When I changed the condition from true to false, I changed the test to see whats happening there:

static_assert( std::is_same<ok,foo<bool>>::value , "Mmmmm..." );

And the metaprogram passes the test too! Even with the explicit instantation of foo<bool>, and ok, which should be an alias to that instance.
Finally I have checked that there is no "No matching specialization for foo<bool>" until I declare a variable of type ok: ok anok;

I'm working with CLang 3.4, on C++11 mode (-std=c++11). My question is: Whats happening here? Is that behaviour correct or its a LLVM bug?

EDIT: Here is a SSCCE running at ideone. It uses GCC 4.8.1, but seems like it has the same behaviour.

Answer 1

Long story; short.

You are actually not instantiating foo<bool> in the following expression:

std::is_same<ok, foo<bool>>::value;

---

When does implicit instantiation occur?

14.7.1 Implicit instantiation [templ.inst]

5) A class template specialization is implicitly instantiated if the class type is used in a context that requires a completely-defined object type or if the completeness of the class type might affect the semantics of the program.

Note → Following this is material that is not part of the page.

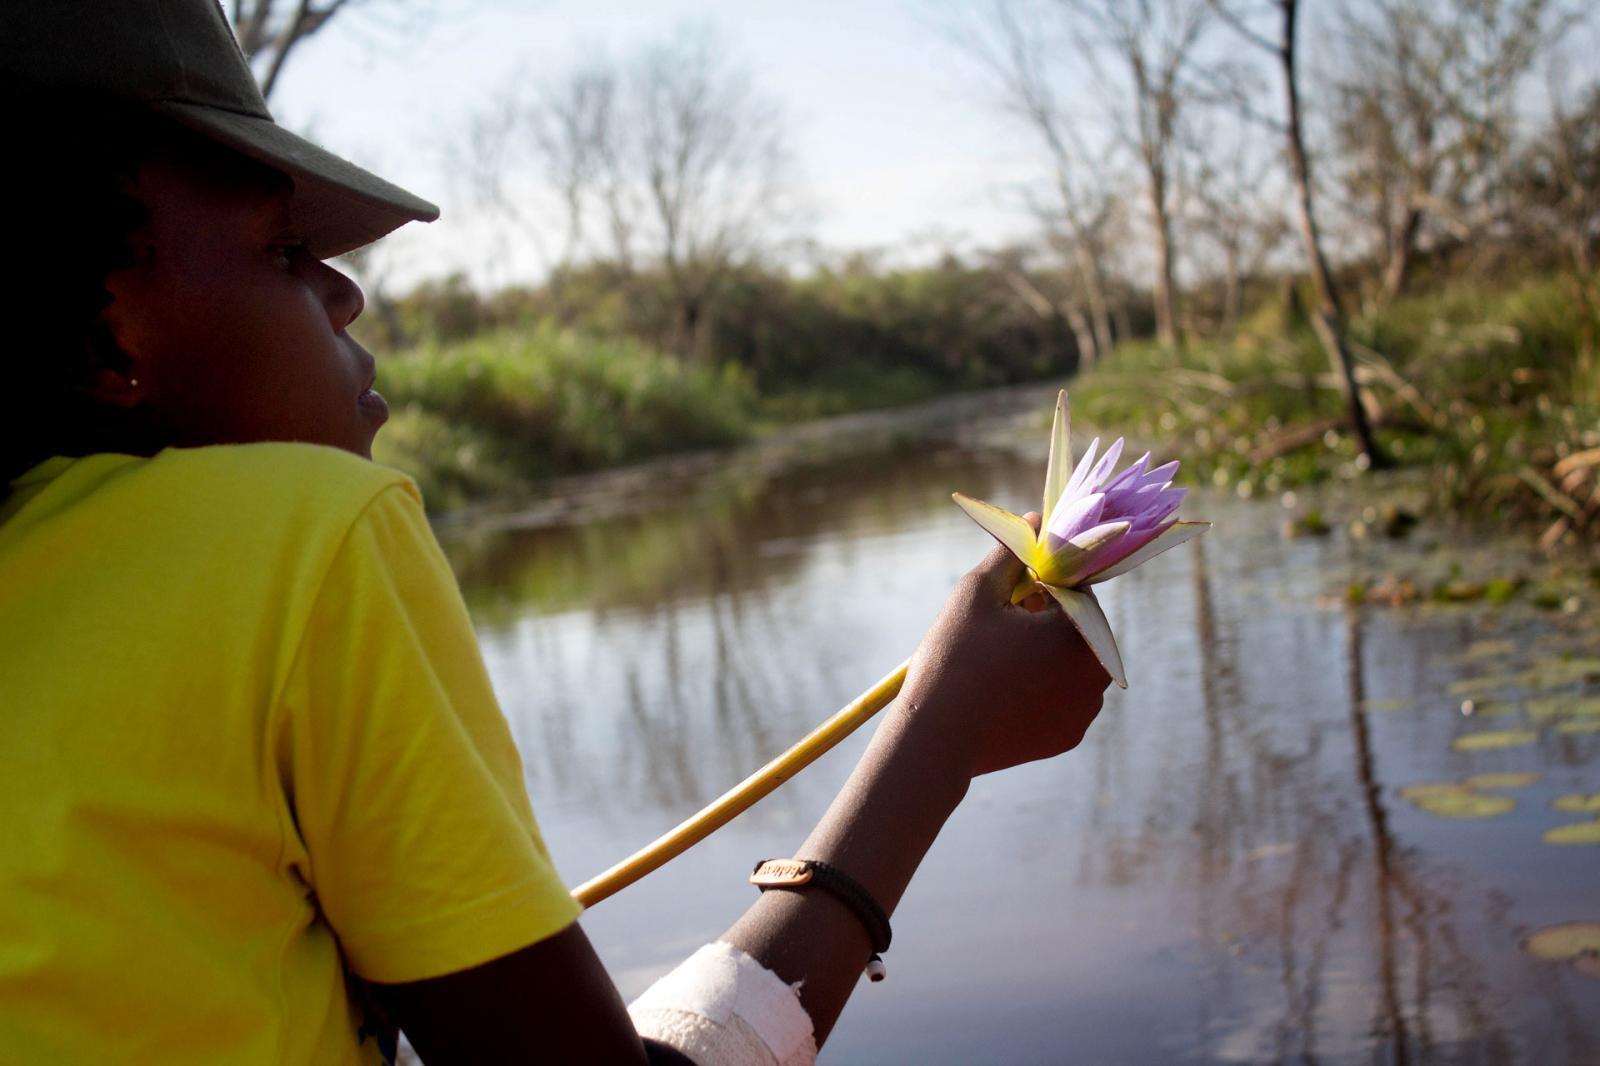 Edith, a snake handler working with Uganda Reptile Village, looks out across a wetland while holding a water lily.

7) If an implicit instantiation of a class template specialization is required and the template is declared but not defined, the program is ill-formed.

What the above text says is that a class template is only implicitly instantiated when it is used in a context that requires it to be fully defined, such as when declaring an object of said template, or when trying to access something inside it.

Checking if one type is the same as another does not count as such context, since we are merely comparing two names.

---

When is a completely-defined object required?

The Standard makes a reference to "completely-defined" in several different locations, mostly when it explicitly says that such an object is required.

The easiest definition of when we need a completely-defined object is by reading the following, which explains what it isn't.

3.9p5 Types [basic.types]

A class that has been declared but not defined, or an array of unknown size or of incomplete element type, is an incompletely defined object type. Incompletely-defined object types and the void types are incomplete types (3.9.1). Objects shall not be defined to have an incomplete type.

The wording above states that as long as we don't declare an object to be of an incomplete-type, we are in the clear; ie. our template will not be implicitly instantiated.

See the below example where (C) and (D) tries to create an object of incomplete-type, both (A) and (B) are legal since they don't cause implicit instantiation.

template<class T> struct A;

typedef A<int> A_int; // (A), legal
A<int> *     ptr;     // (B), legal
A<int>       foo;     // (C), ill-formed; trying to declare an object of incomplete-type
A<int>::type baz;     // (D), ill-formed; trying to reach into the definition of `A<int>`